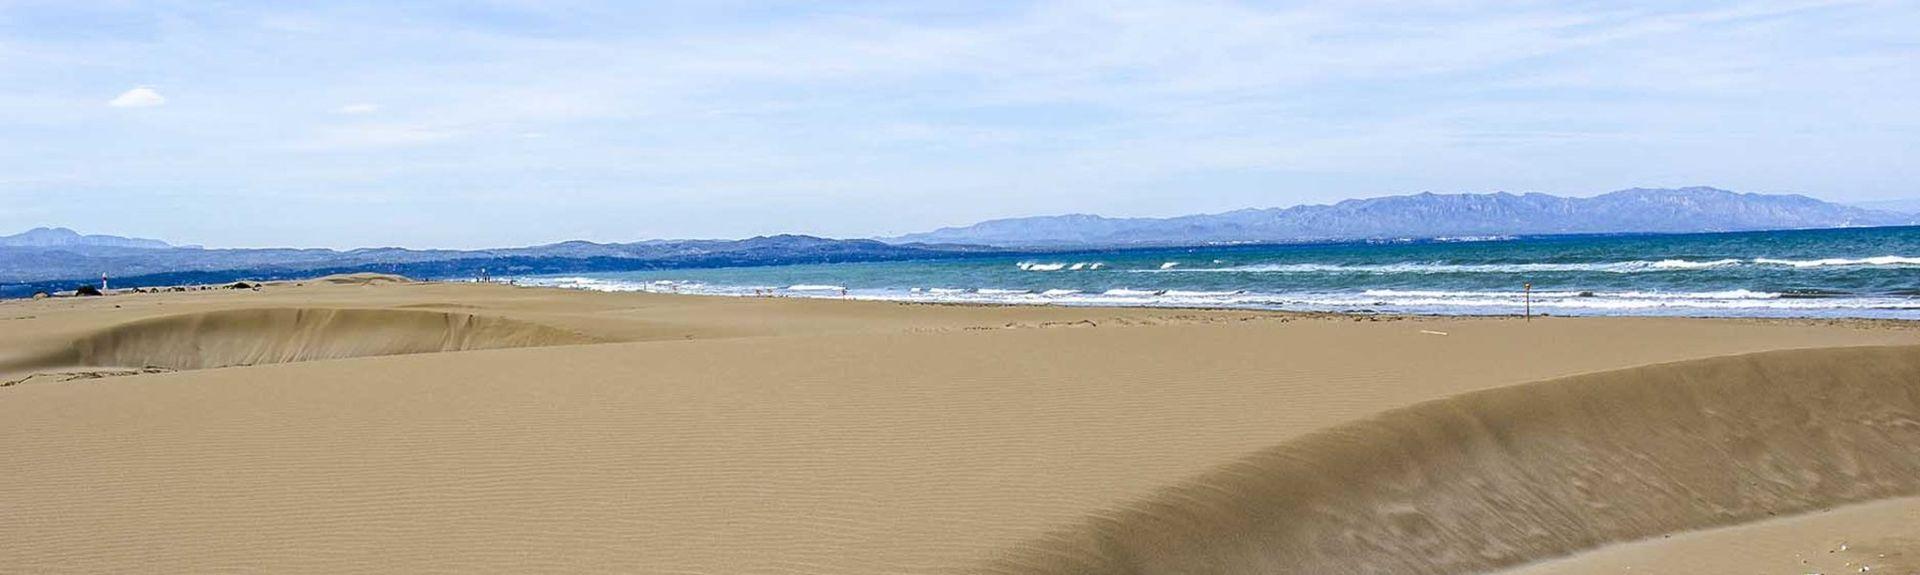 Playa de L'Ampolla, L'Ampolla, Katalonien, Spanien
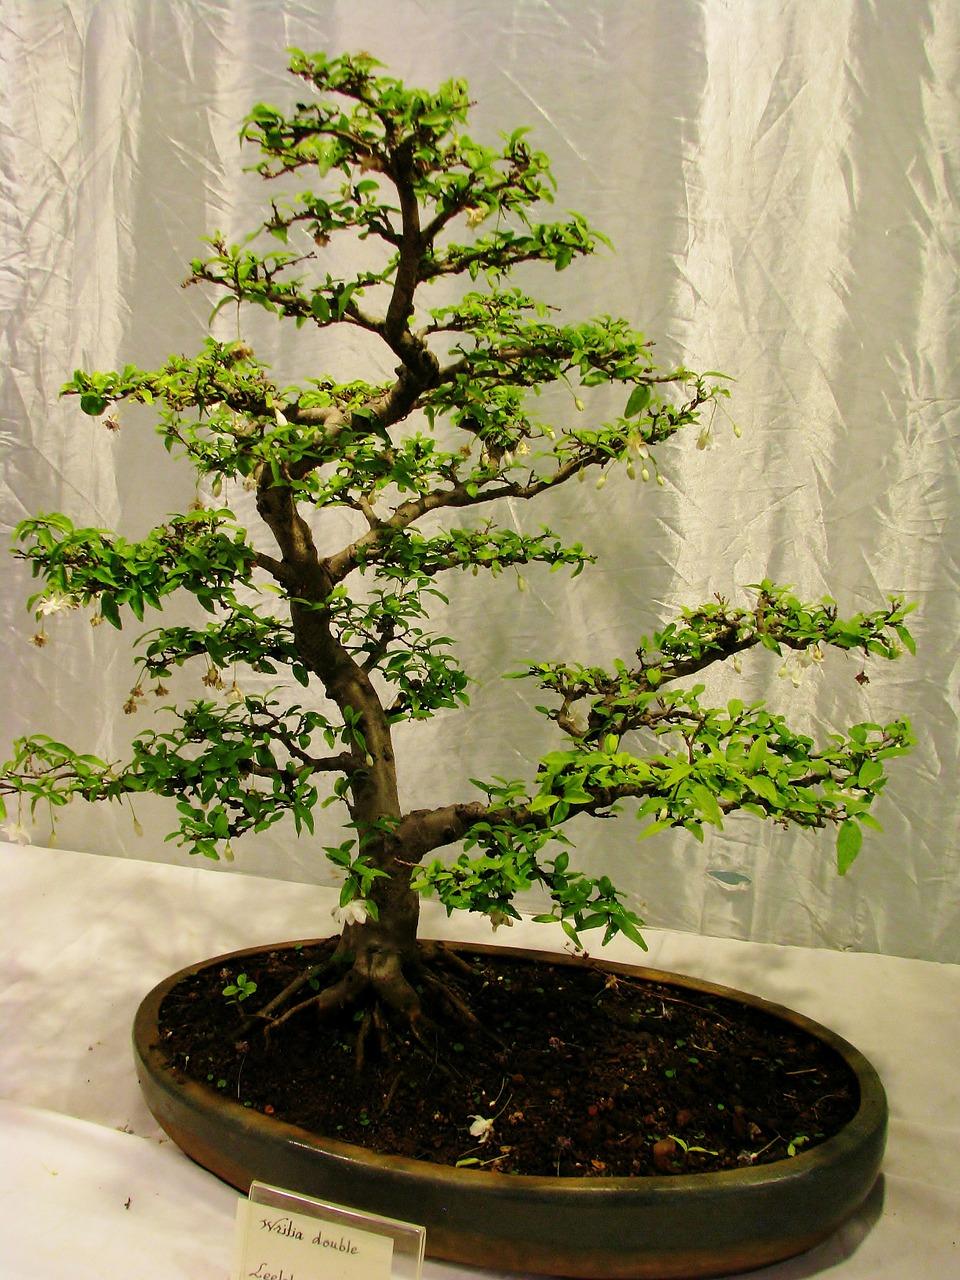 bonsai-tree-390754_1280.jpg
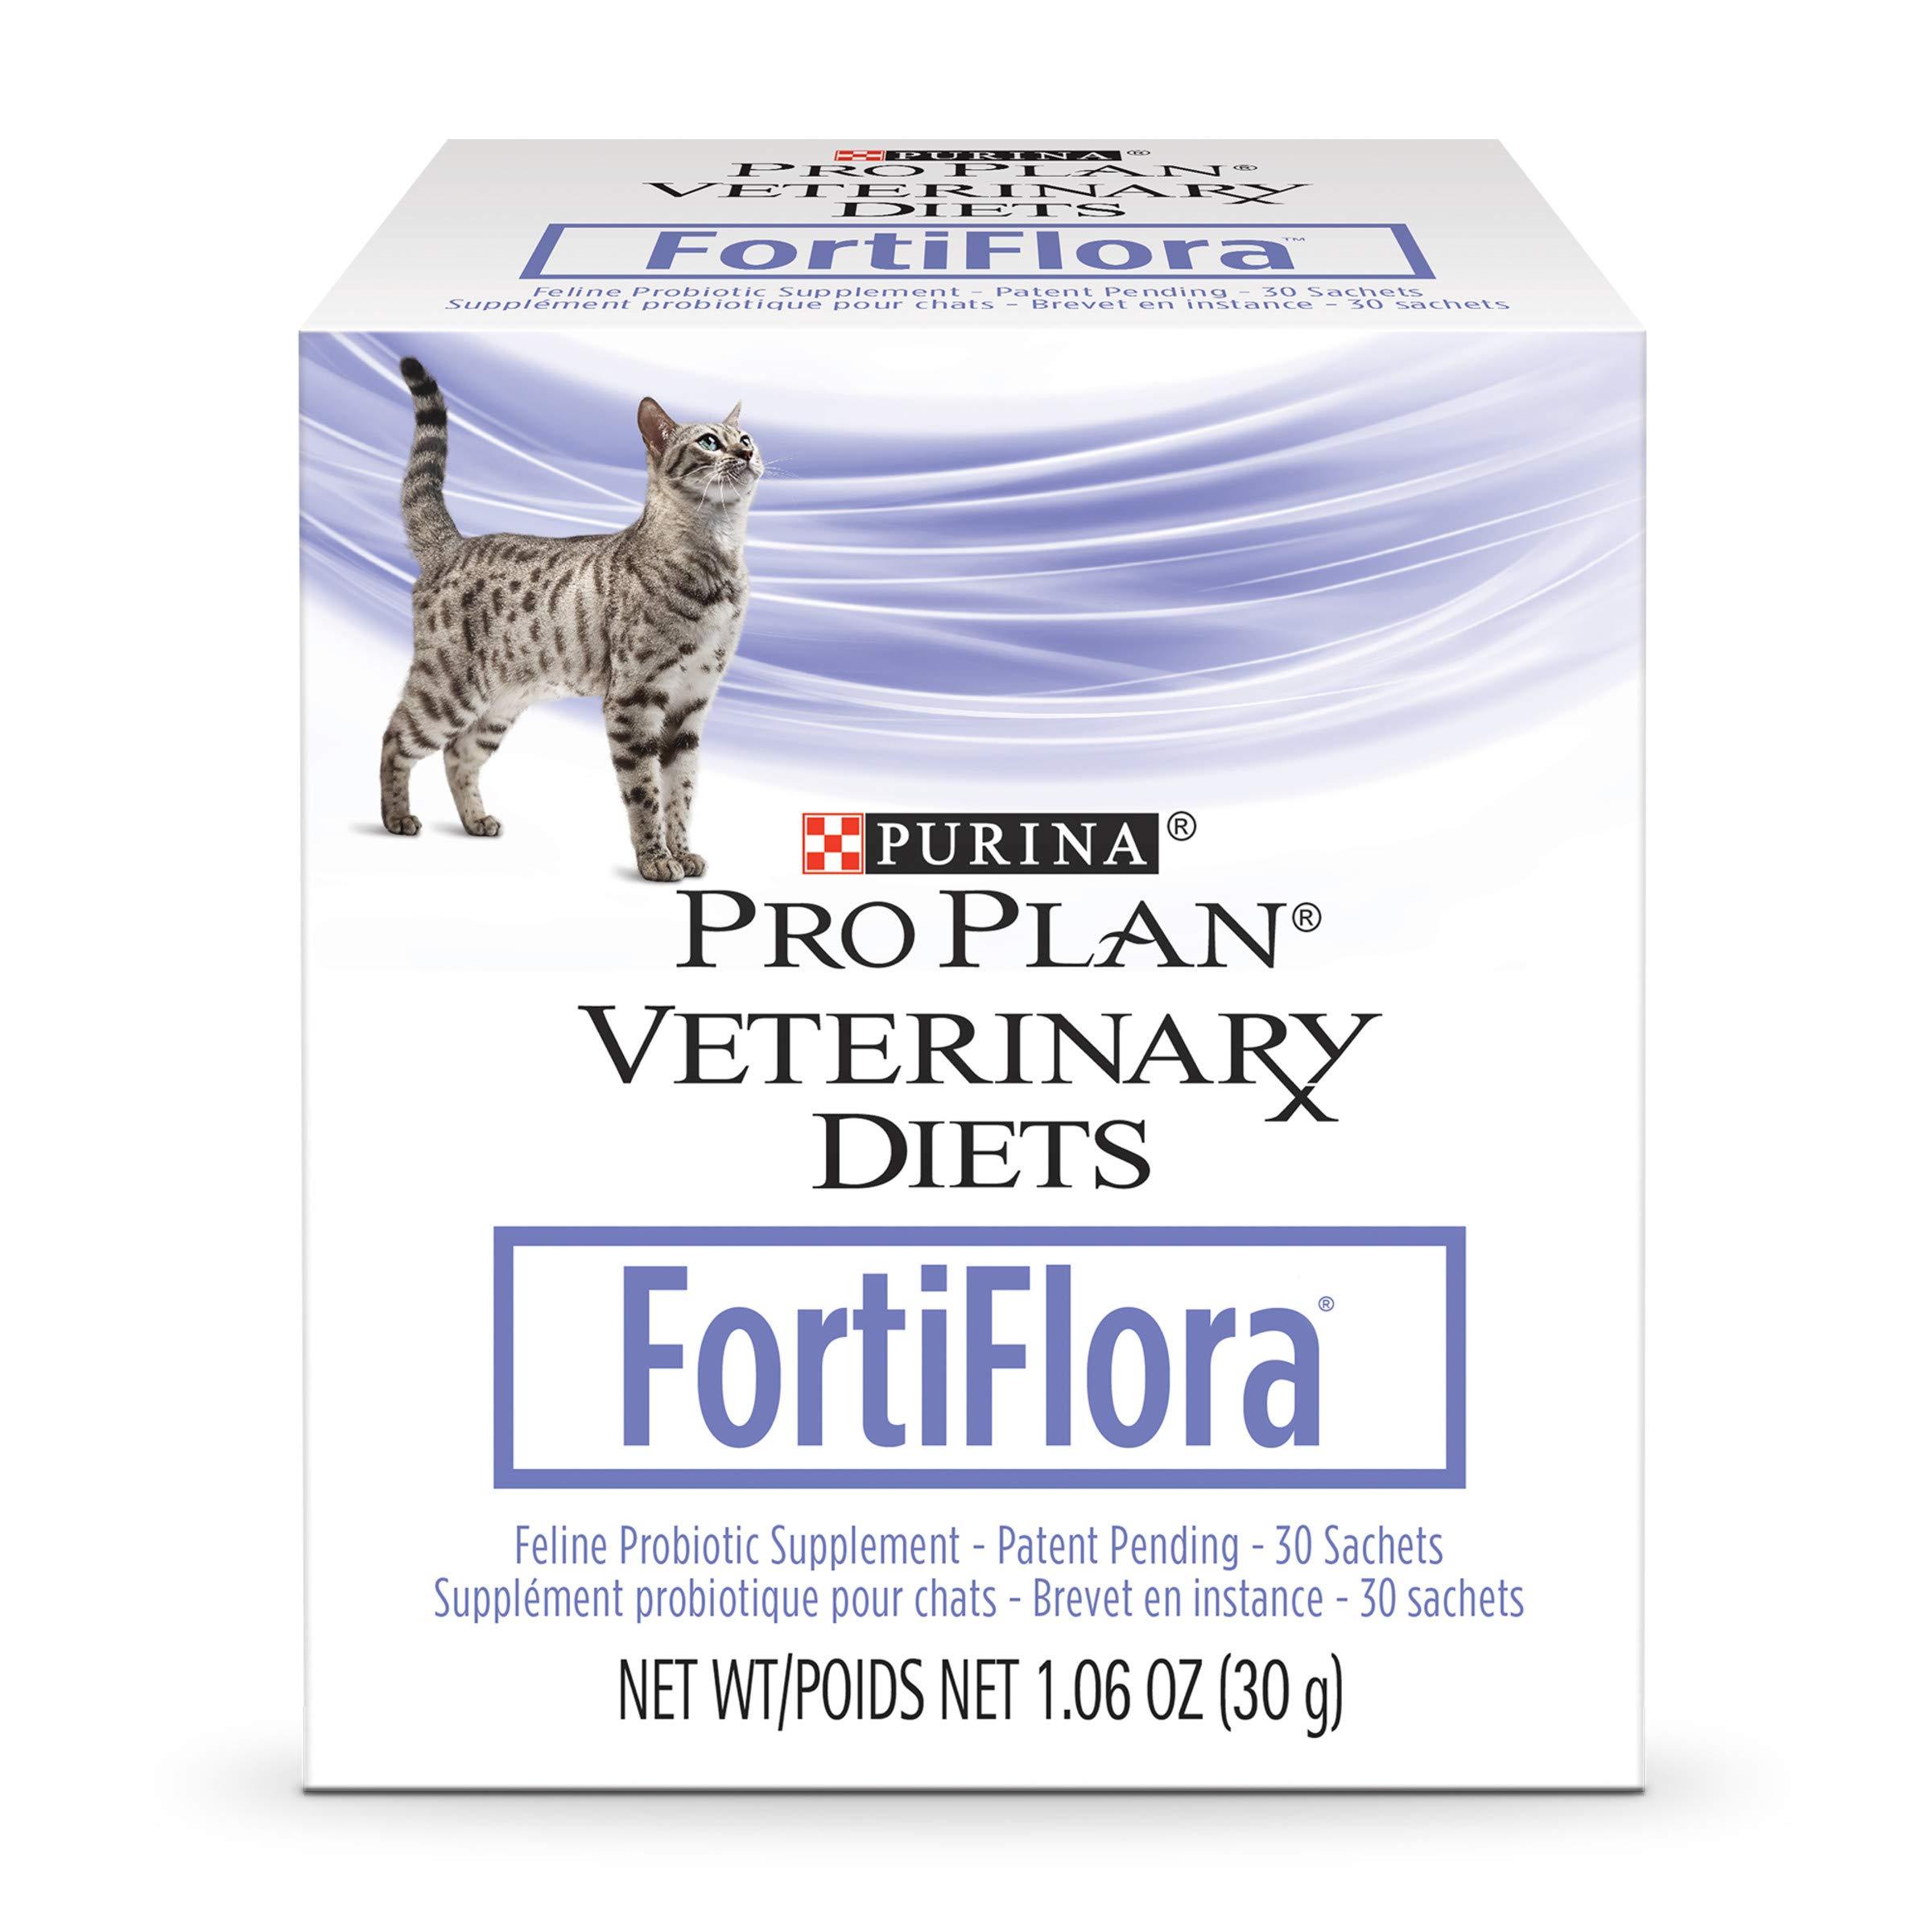 Purina Pro Plan Veterinary Diets Fortiflora Feline Nutritional Cat Supplement - 30 ct. Box

=-=-=

The problem = Nothing but the text is wanted: repeat the data above exactly, without its images.

Output for this task =
 Playa de L'Ampolla, L'Ampolla, Katalonien, Spanien
 bonsai-tree-390754_1280.jpg
 Purina Pro Plan Veterinary Diets Fortiflora Feline Nutritional Cat Supplement - 30 ct. Box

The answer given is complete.